#### [Your objective]
Exactly the lines from the line that has "Sampler-Afghan-Chart2" through the final line below are to be retyped, and the pictures are not.

(Data provided Opens)

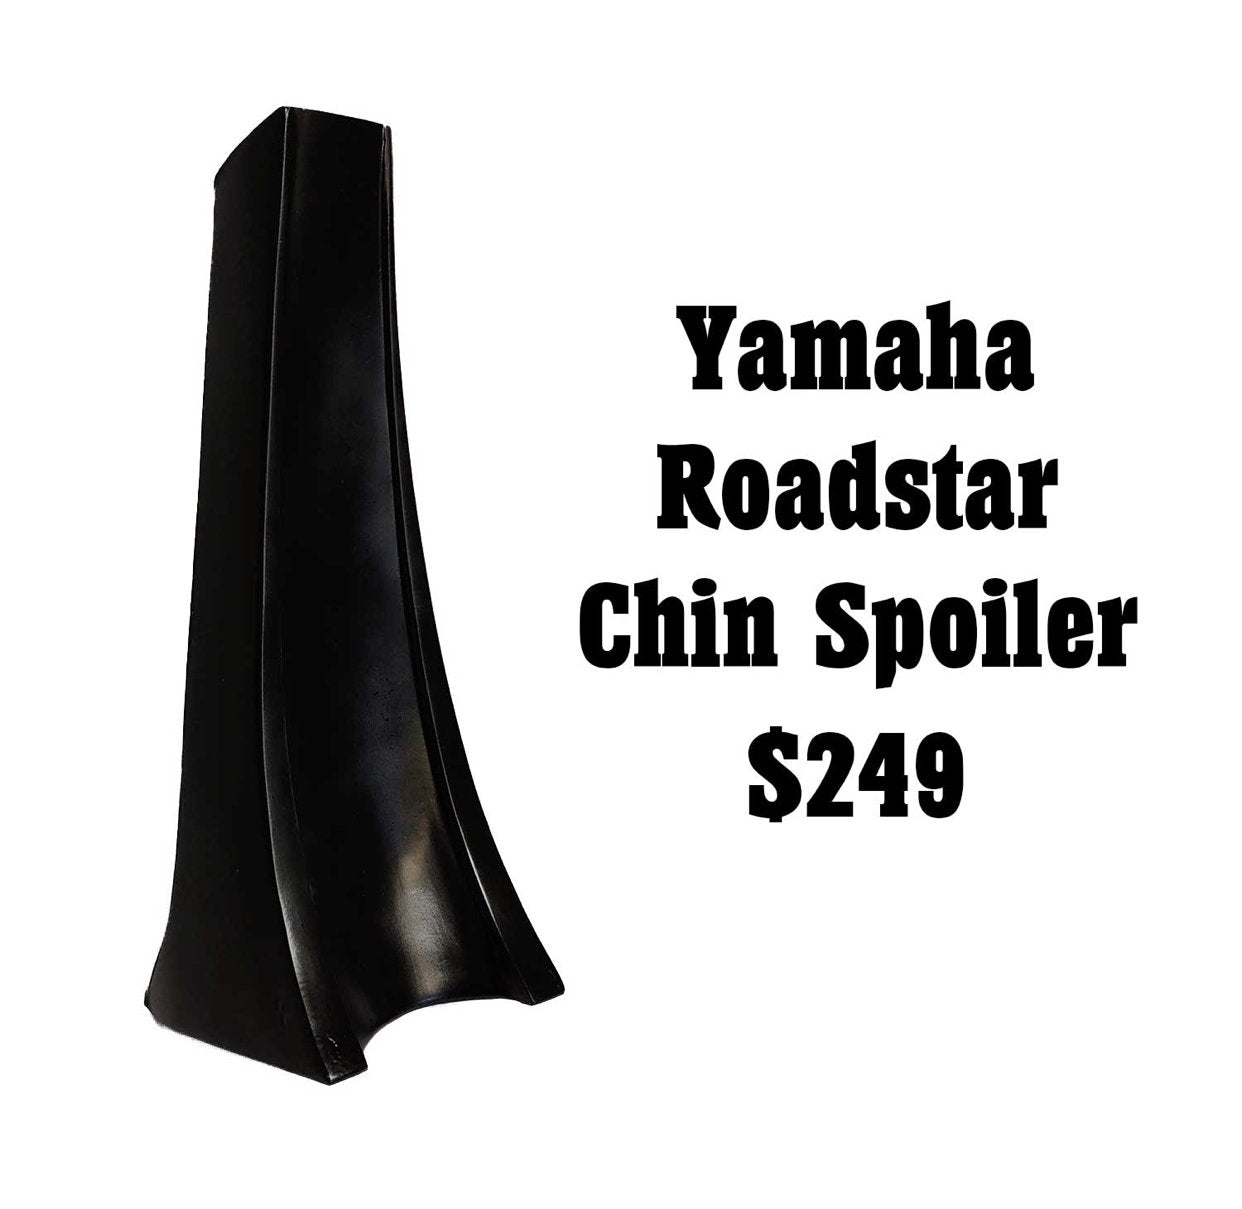 Yamaha Chin Spoiler - The "Roadstar Steel" Series Chin Spoiler fits Yamaha Roadstar
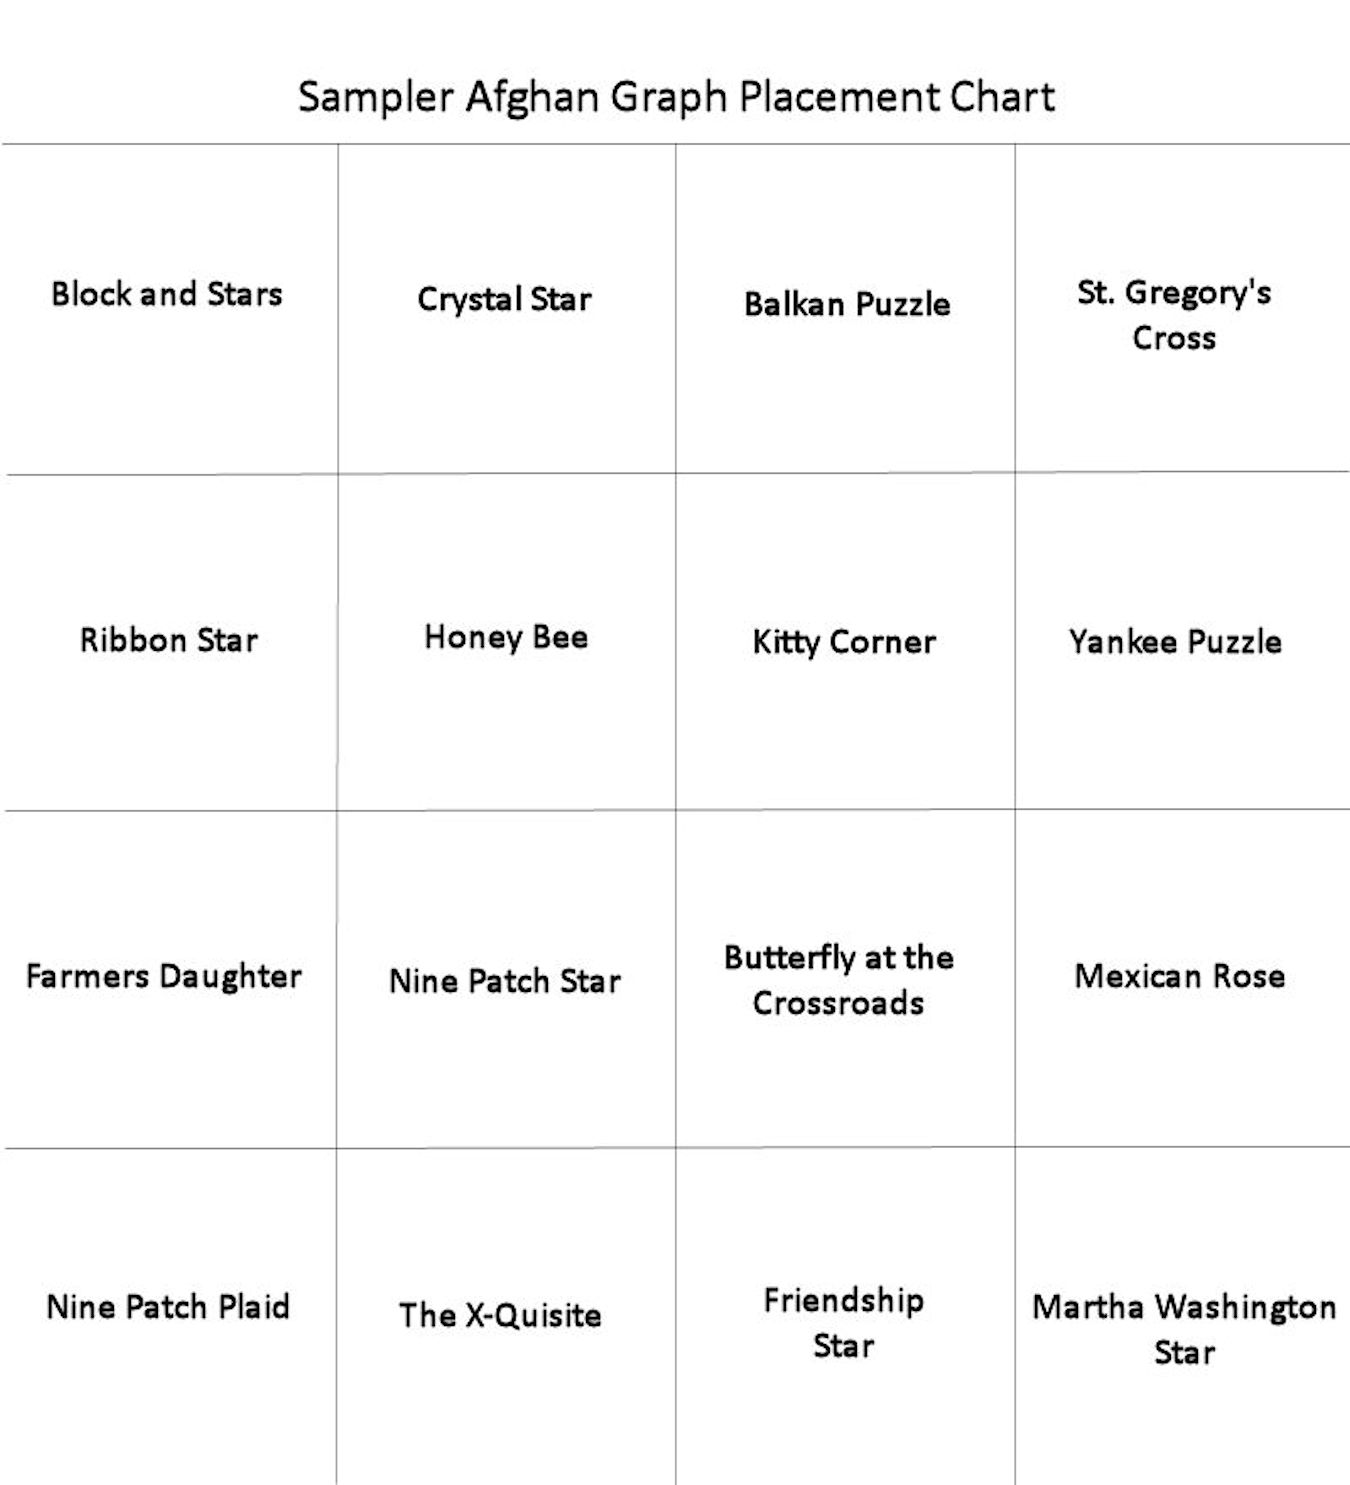 Sampler-Afghan-Chart2
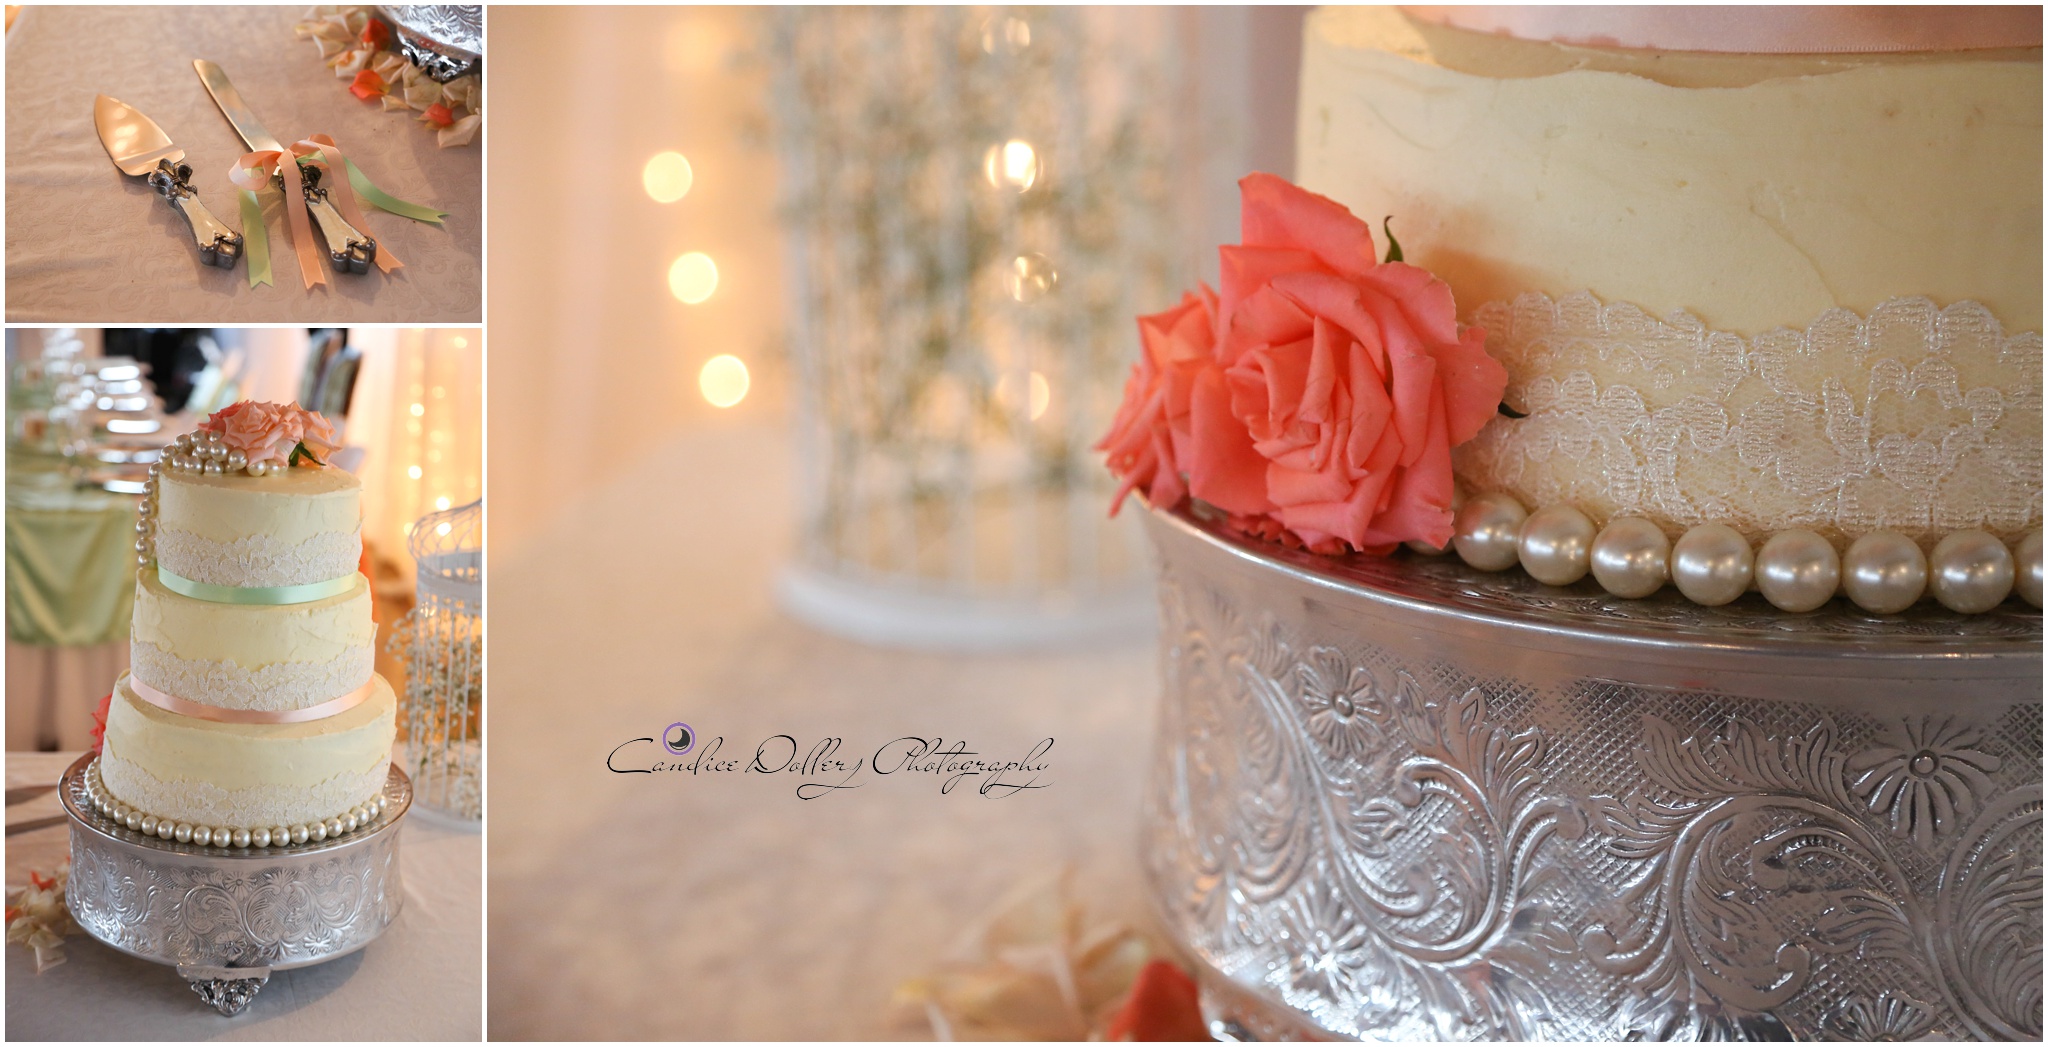 Paula & Jaycee's Wedding - Cypress Dale - Candice Dollery Photography_3062
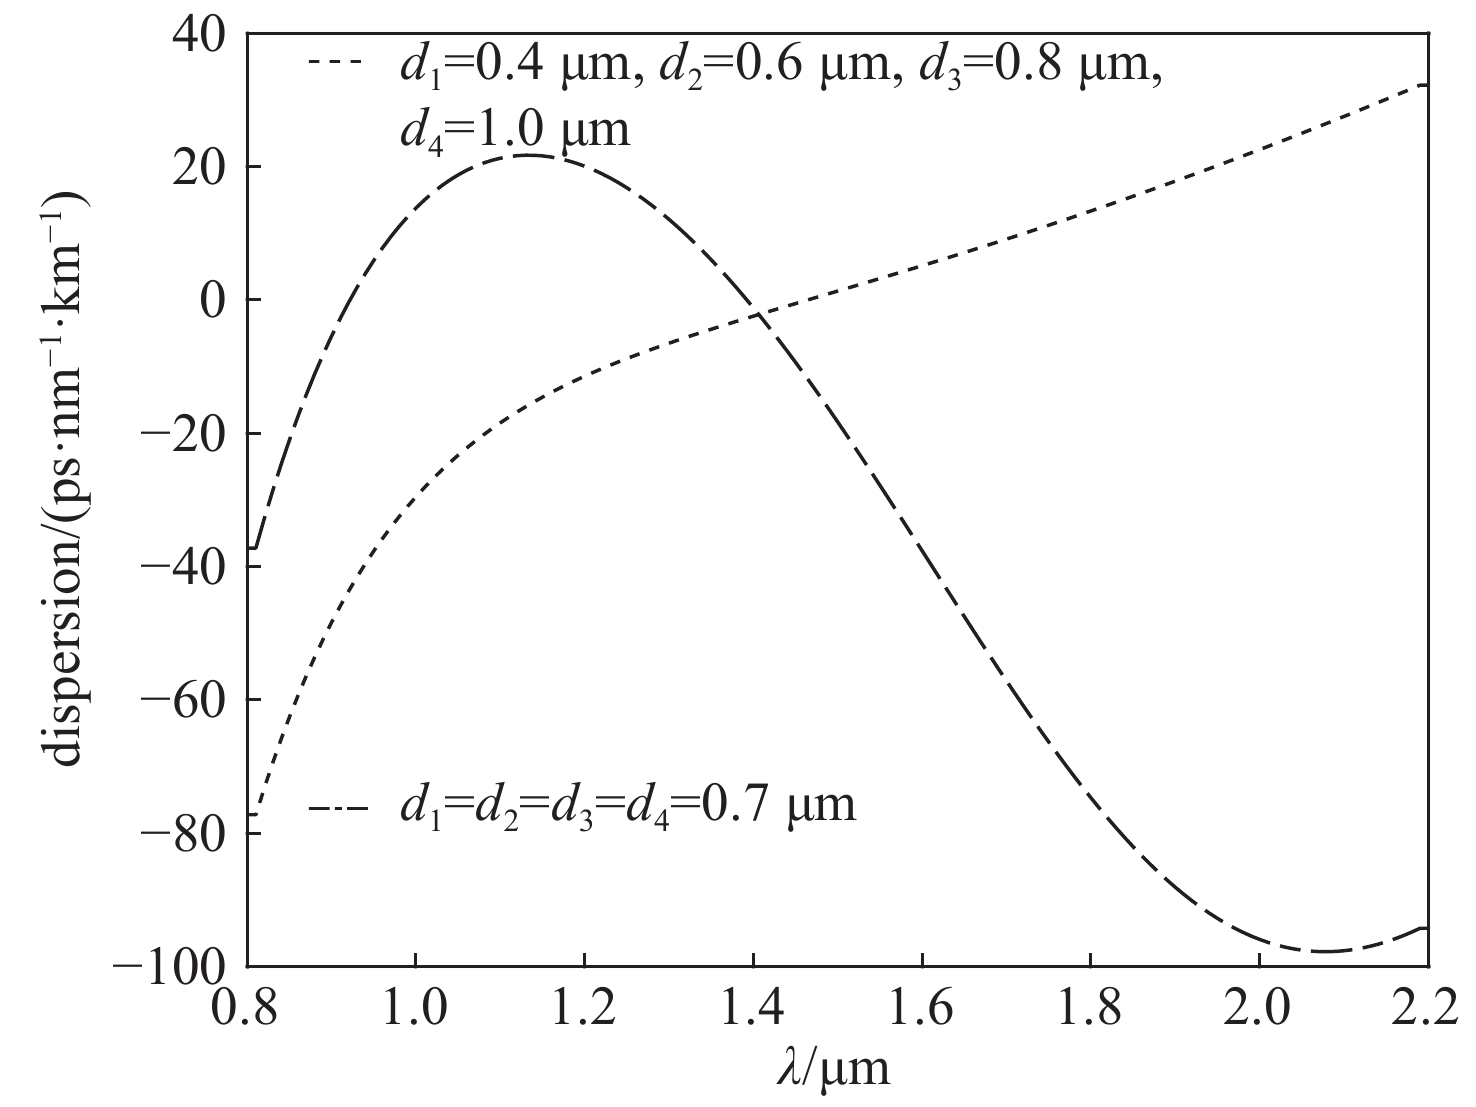 Dispersion comparison between uniform and progressive aperture

(Data provided Closes)

#### [Solution for this task]
 Sampler-Afghan-Chart2
 Paula & Jaycee's Wedding - Cypress Dale - Candice Dollery Photography_3062
 Dispersion comparison between uniform and progressive aperture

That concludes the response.